Please set down the data again exactly, minus the pictures.

DATA SHOWN:
>>>>>
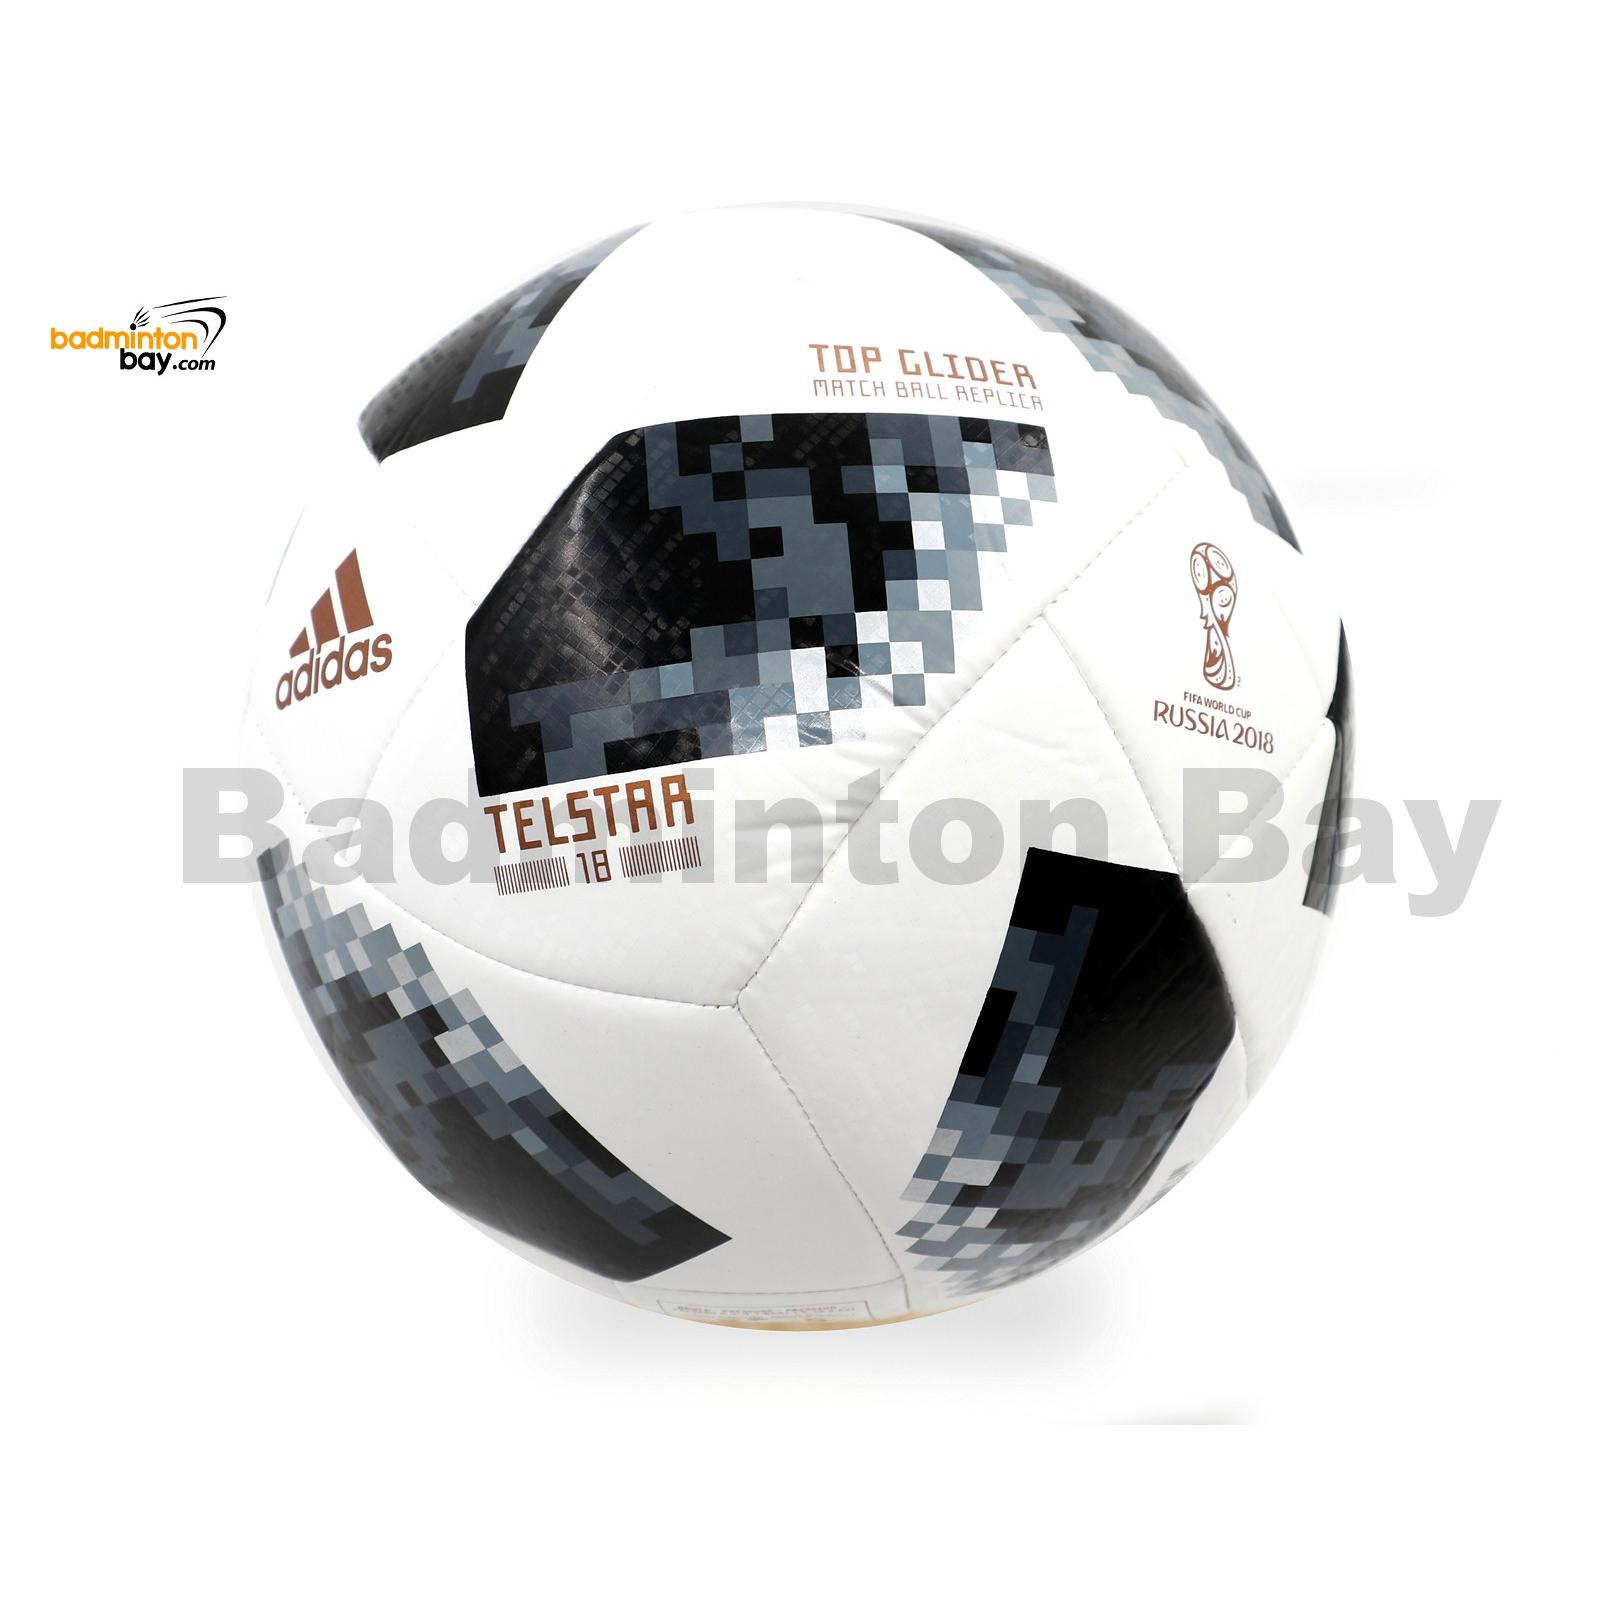 Nacarado Altitud Disfraces Genuine Adidas FIFA World Cup 2018 Telstar 18 Top Glider Ball Soccer  Football Size 5 Russia
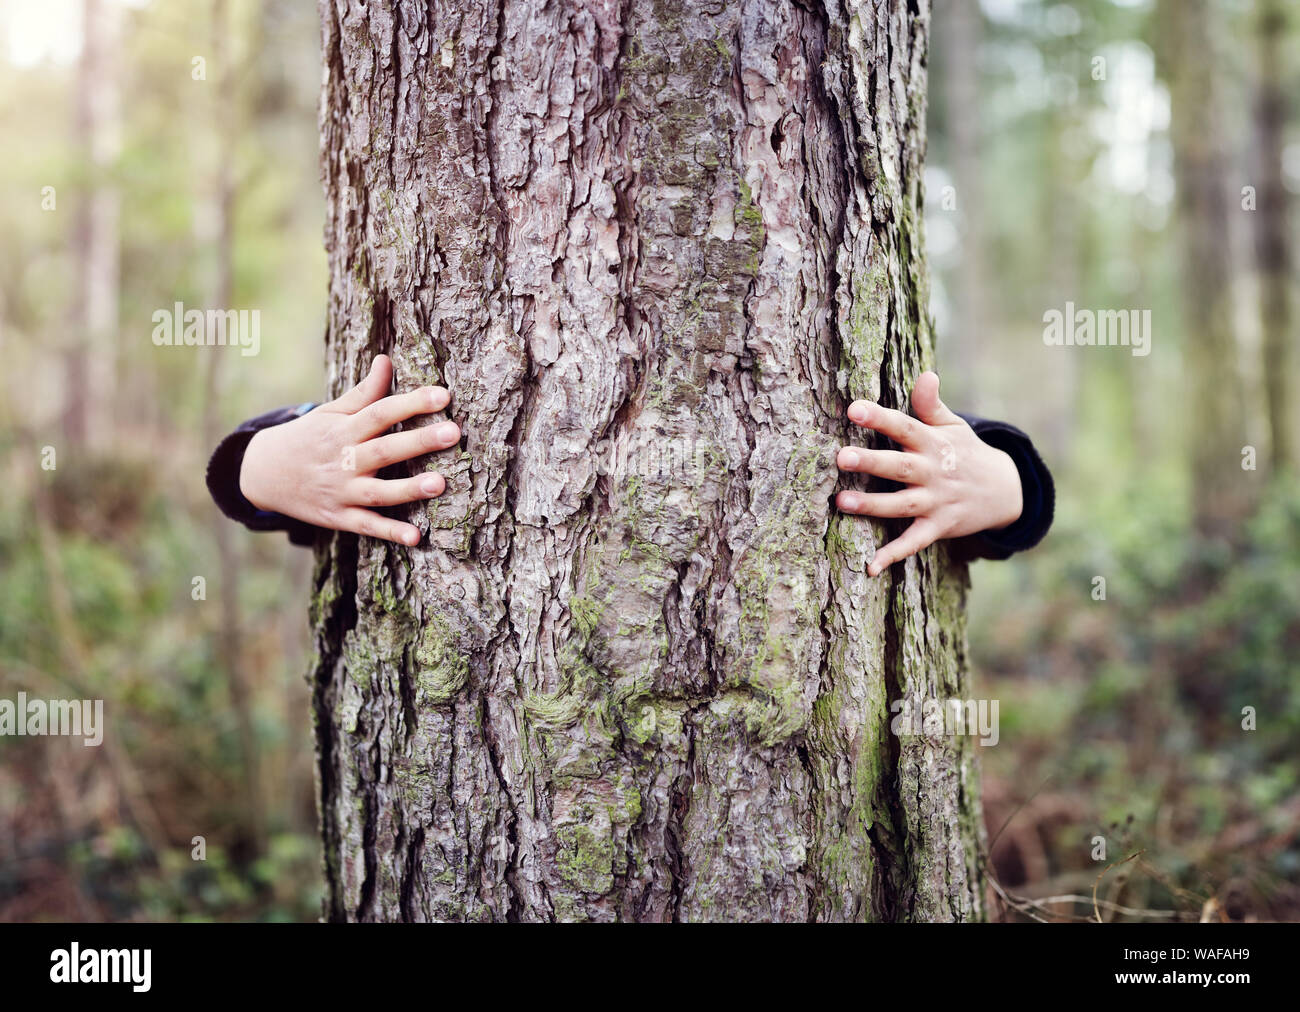 Abrazos, árbol chico dando un árbol un abrazo concepto para amar la naturaleza Foto de stock
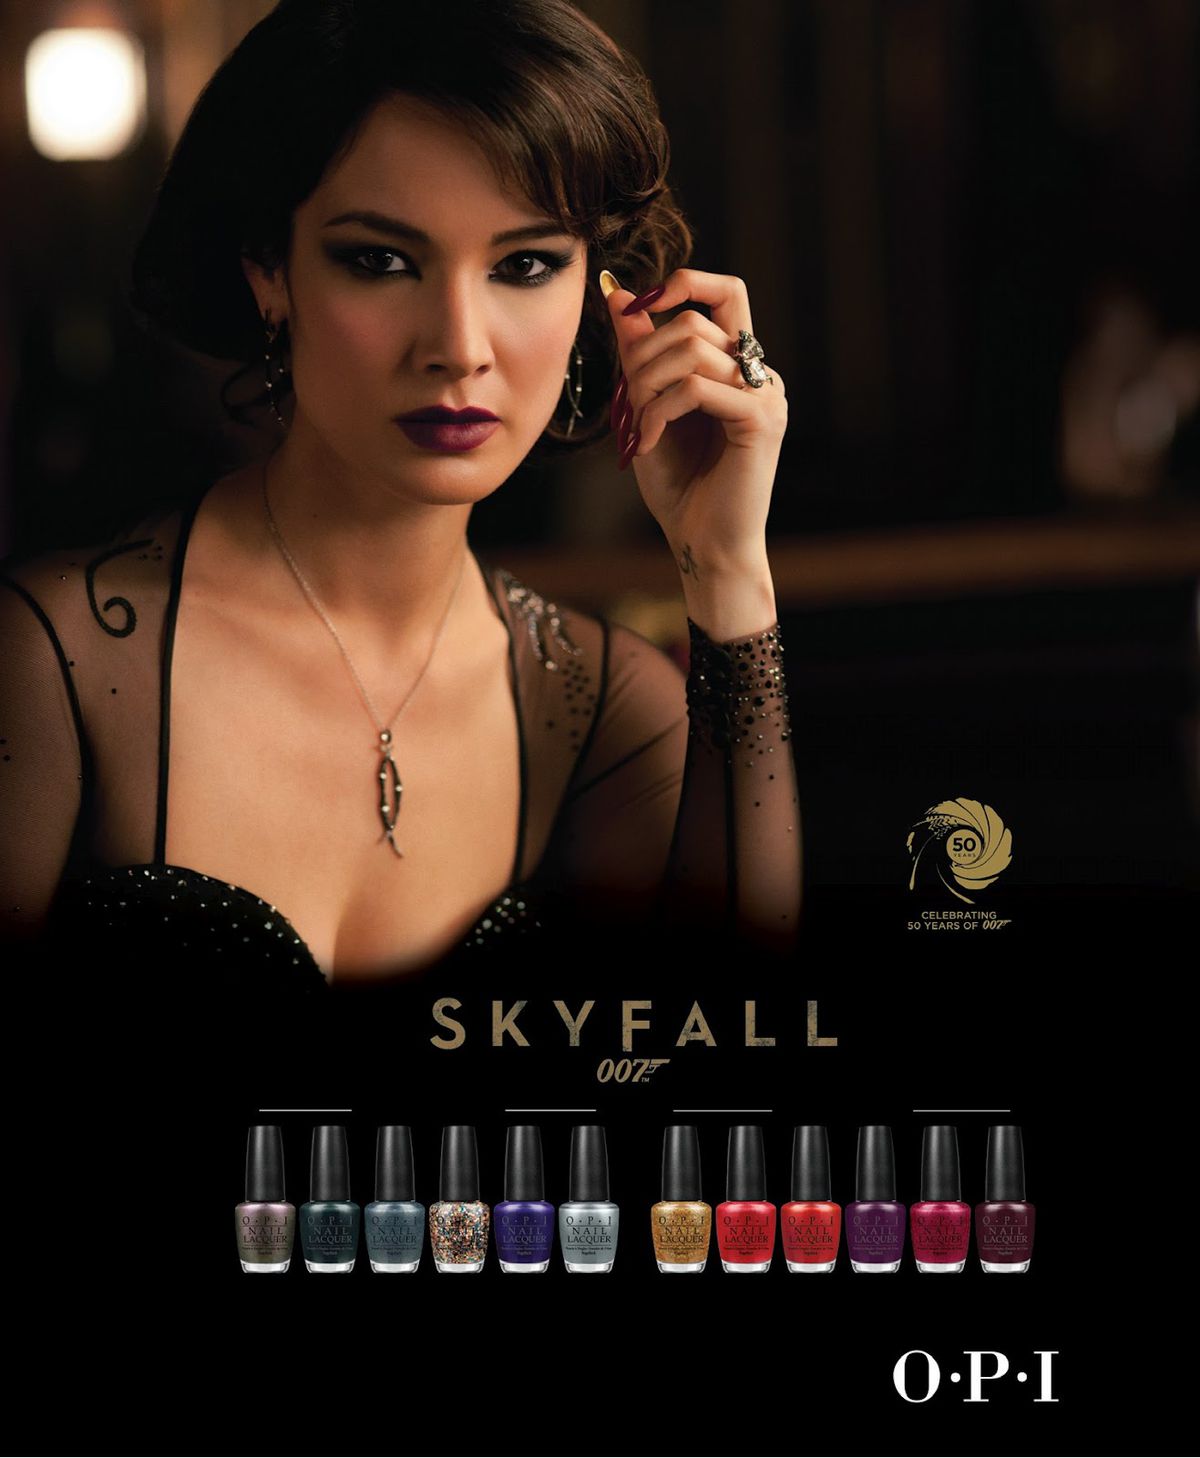 An ad for OPI’s Skyfall nail polish collection.
<<<<<
ANSWER BOX:
 Nacarado Altitud Disfraces Genuine Adidas FIFA World Cup 2018 Telstar 18 Top Glider Ball Soccer  Football Size 5 Russia
 Abrazos, árbol chico dando un árbol un abrazo concepto para amar la naturaleza Foto de stock
 An ad for OPI’s Skyfall nail polish collection.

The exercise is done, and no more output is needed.